Hardware Requirements
Large Language Models do require a considerable amount of memory and compute power. In order to run larger models, it is highly recommended to utilize a graphics card with a large amount of VRAM. For this example however, I’ll use only a smaller model that also runs without a powerful graphics card (GPU) on a modern Laptop CPU at an acceptable speed. Everything described was done with the following system:
OS: openSUSE Tumbleweed
CPU: Intel i7-8665U (note: the CPU requires the avx2 flag)
Memory: 16G
Disc: approx 10G
GPU: none required. (This will be part of a followup post)

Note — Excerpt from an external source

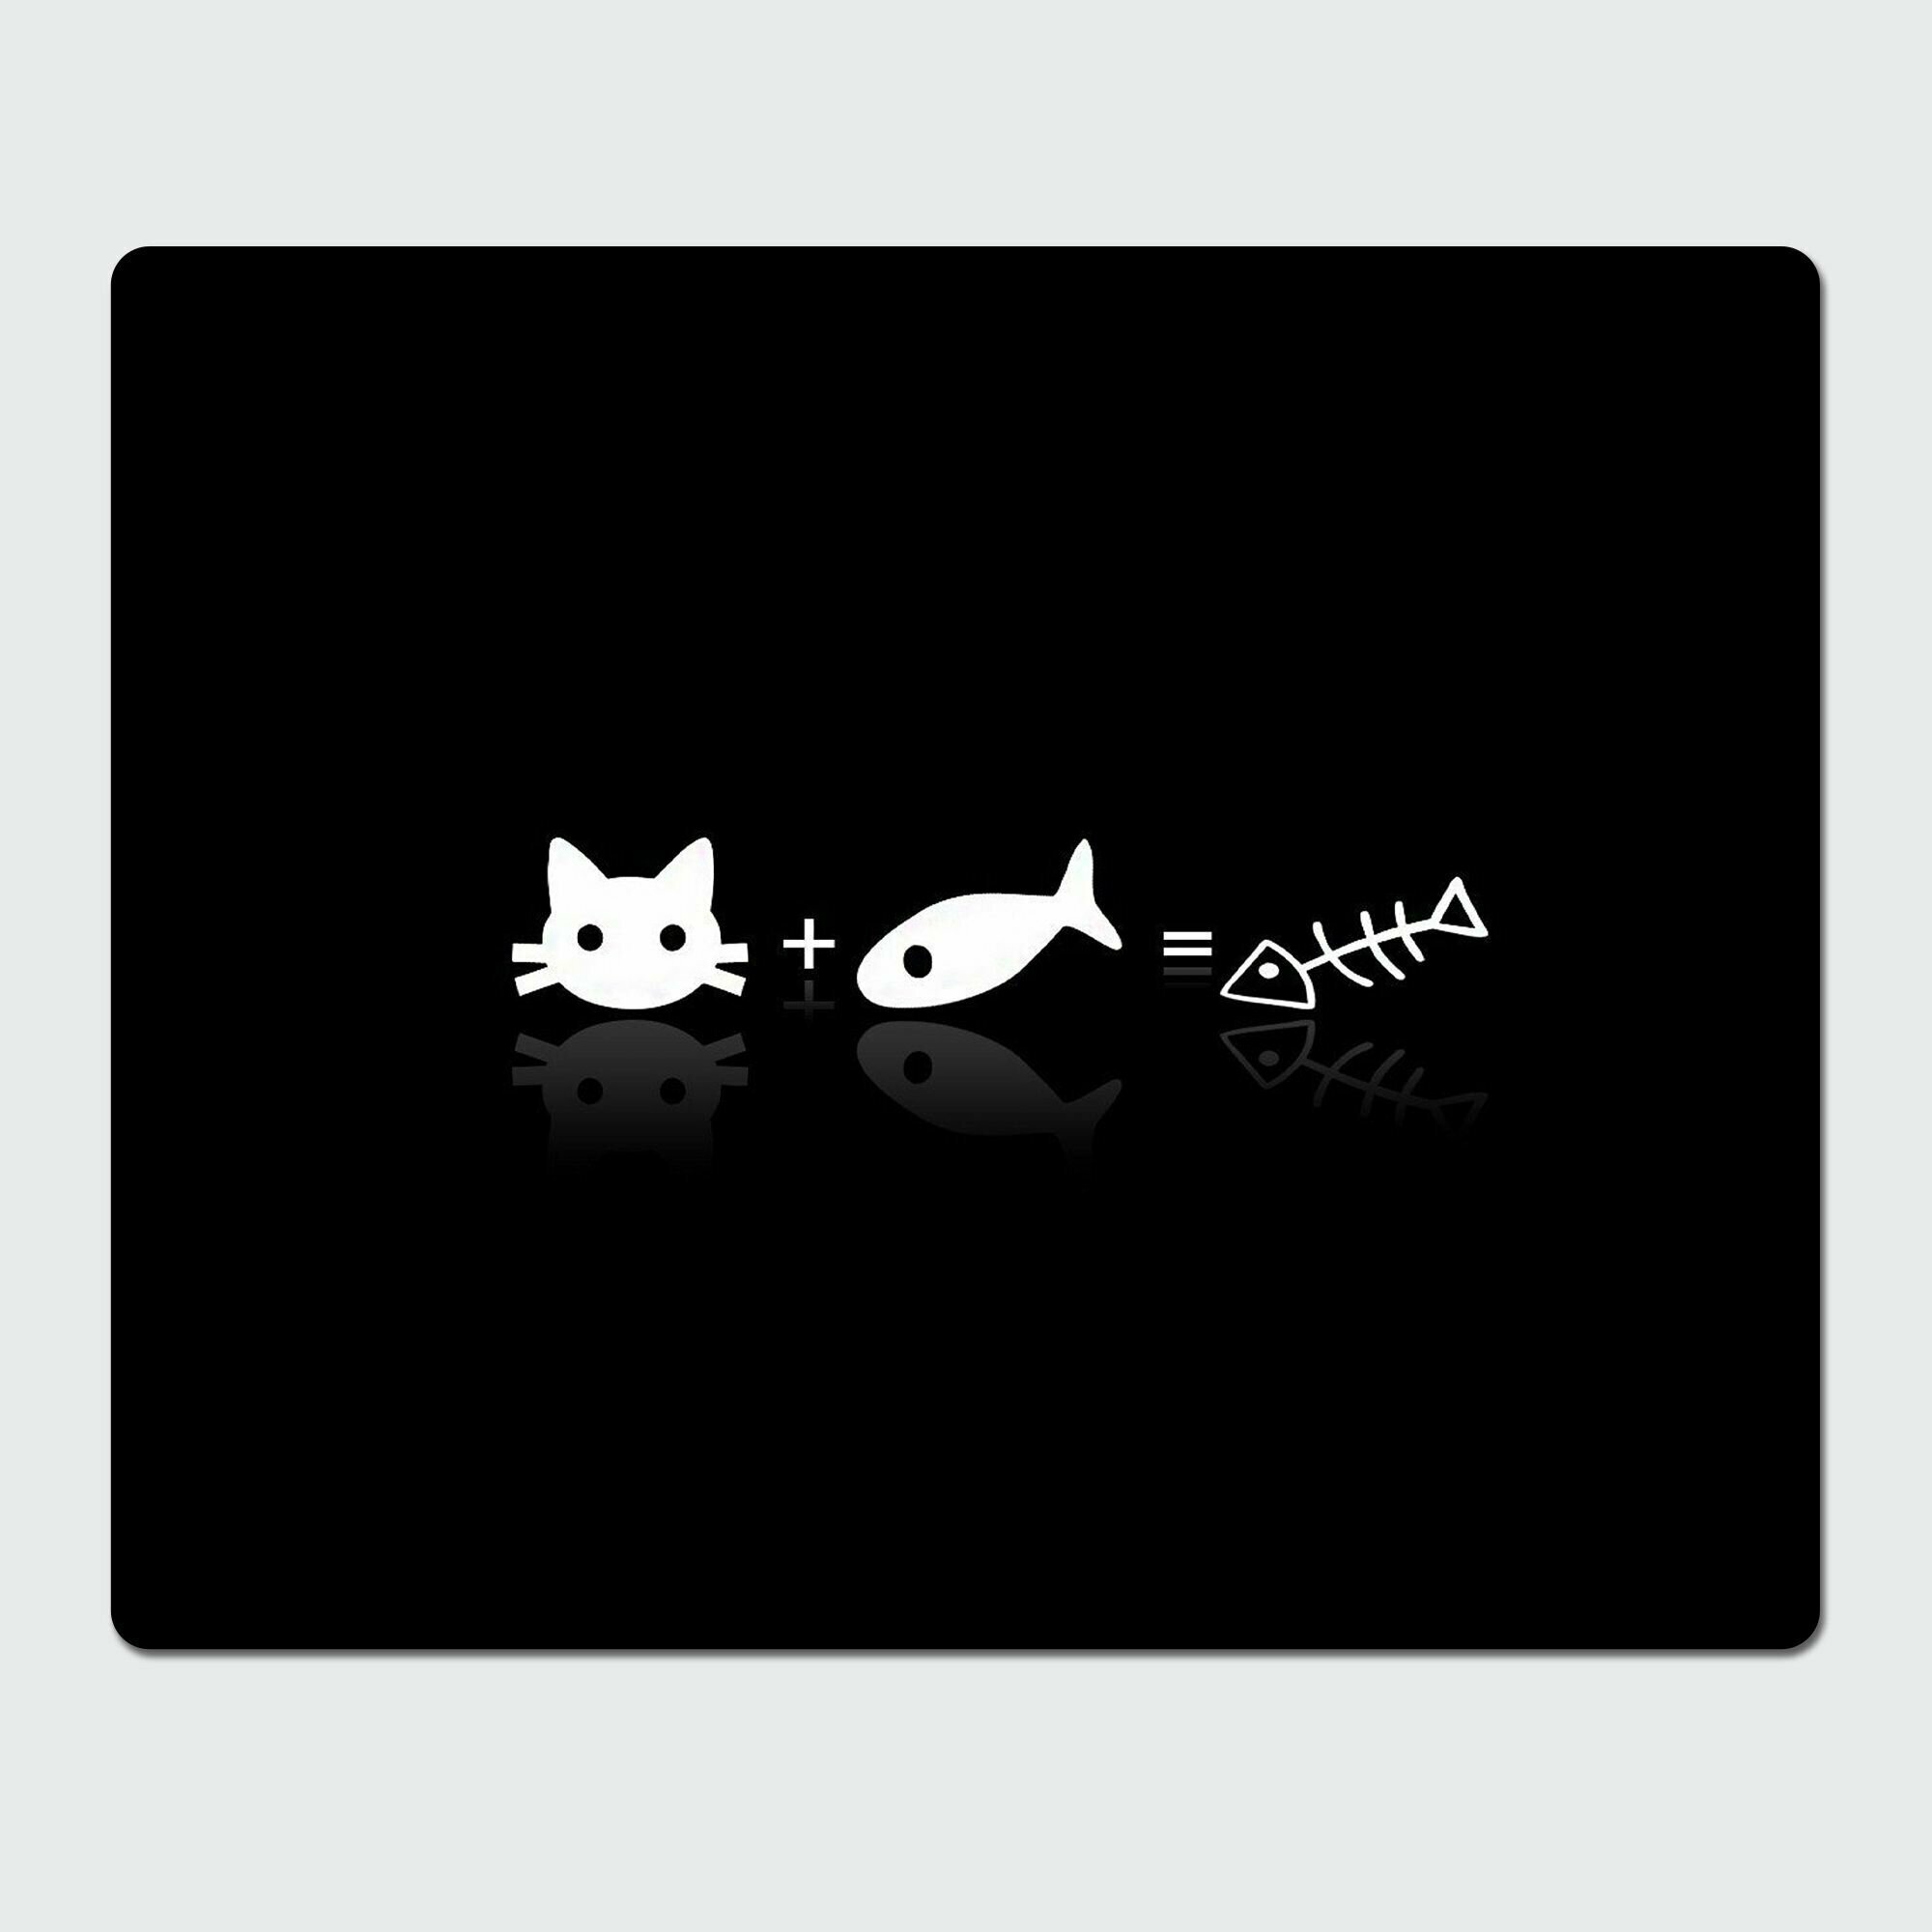 Коврик для компьютерной мышки Rocket - Кошки и коты, 23x19 см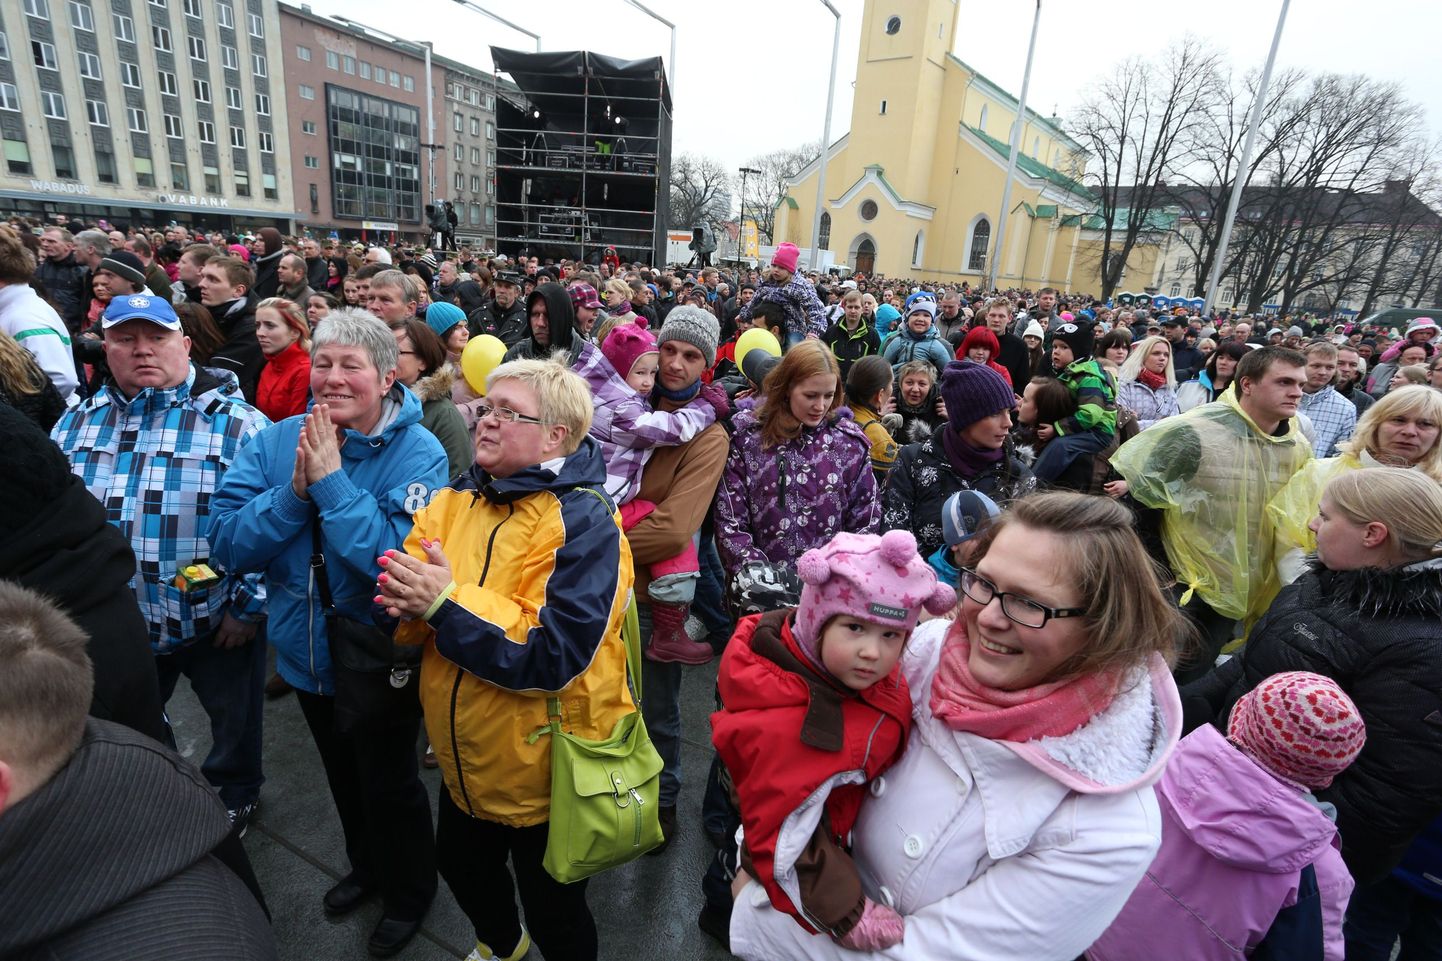 Veteranipäeva puhul korraldab kaitsevägi 23. aprillil algusega kell 18.30 Tallinna Vabaduse väljakul Veteranirocki. Tasuta kontserdil esitavad Singer Vinger, Terminaator, Ultima Thule ja Tõnis Mägi selleks päevaks tehtud kava.

You can check with cat /proc/cpuinfo | grep avx2
if your CPU has the required flag.
LocalAI
LocalAI is a free, opensource community-driven and local-first drop-in replacement for OpenAI running on consumer-grade hardware. Other than most projects that enable you to run only language models locally, LocalAI provides the possibility to run language models as well as a variety of other models like e.g. StableDiffusion for image generation. While this post focuses exclusively on text generation, there are a lot more features available.
Its main feature however is it providing an API that is identical to the OpenAI API, which is used by most AI enabled applications. By pointing them to the API running on a local machine instead of openai.org, it is possible to use most applications without further modifications. These applications won’t even know that are not talking to OpenAI (e.g. ChatGPT) but instead are using your local LLM instead. And thus your data will never leave your computer or company internal network. In this example, everything runs on the same machine, but it also is possible to have a powerful server running LocalAI and providing the API to the local network.
To get a broad overview of how LocalAI works, here a picture with its main components:
The API is a replication of the OpenAI API. By default its URL is http://localhost:8080/v1, and in order to use existing OpenAI Apps, it only is required to change the API url in the applications accordingly. Here an example, how a typical API request for text generation would look like, using curl:
curl http://localhost:8080/v1/chat/completions -H "Content-Type: application/json" -d '{ "model": "llama-3-8b-instruct-coder", "messages": [{"role": "user", "content": "Say this is a test!"}], "temperature": 0.7 }'
Other methods like using the OpenAI python module work as well, in this case you need to specify a custom base URL by passing the base_url
argument to the constructor: OpenAI(base_url='...')
.
Additionally, LocalAI provides a basic User Interface(UI) in form of a web interface, to interact with models as well as to install new ones from the model gallery. The default URL for the UI is http://localhost:8080/:
Each model used by LocalAI requires a Config file in yaml format, which describes the name of the model, options for its loading and usage as well as which backend should be used. When deploying LocalAI with docker, all config files are accessible from the outside in the /models
directory. To make it easier for users to install new models, Model Galleries can be used. Here preconfigured configurations are offered for installation, that trigger the automatic download of the required model from their original online locations. They are available from the default gallery here or in the LocalAI web interface:
To facilitate the use of different model types like image or text generation as well as systems with and without GPU support, LocalAI provides a set of different Backends. An overview of available backends and compatible models can be found here. Models can be downloaded manually and placed with a config file in the /models folder, or are downloaded automatically using the configurations available from the gallery.
Installation
As there are several ways to install and run LocalAI, docker compose will be used for the deployment here. LocalAI does offer several containers that are configured for different hardware and usage requirements. For this demonstration a smaller container will be selected, and only a single model is added, so everything can run on a laptop with limited available space.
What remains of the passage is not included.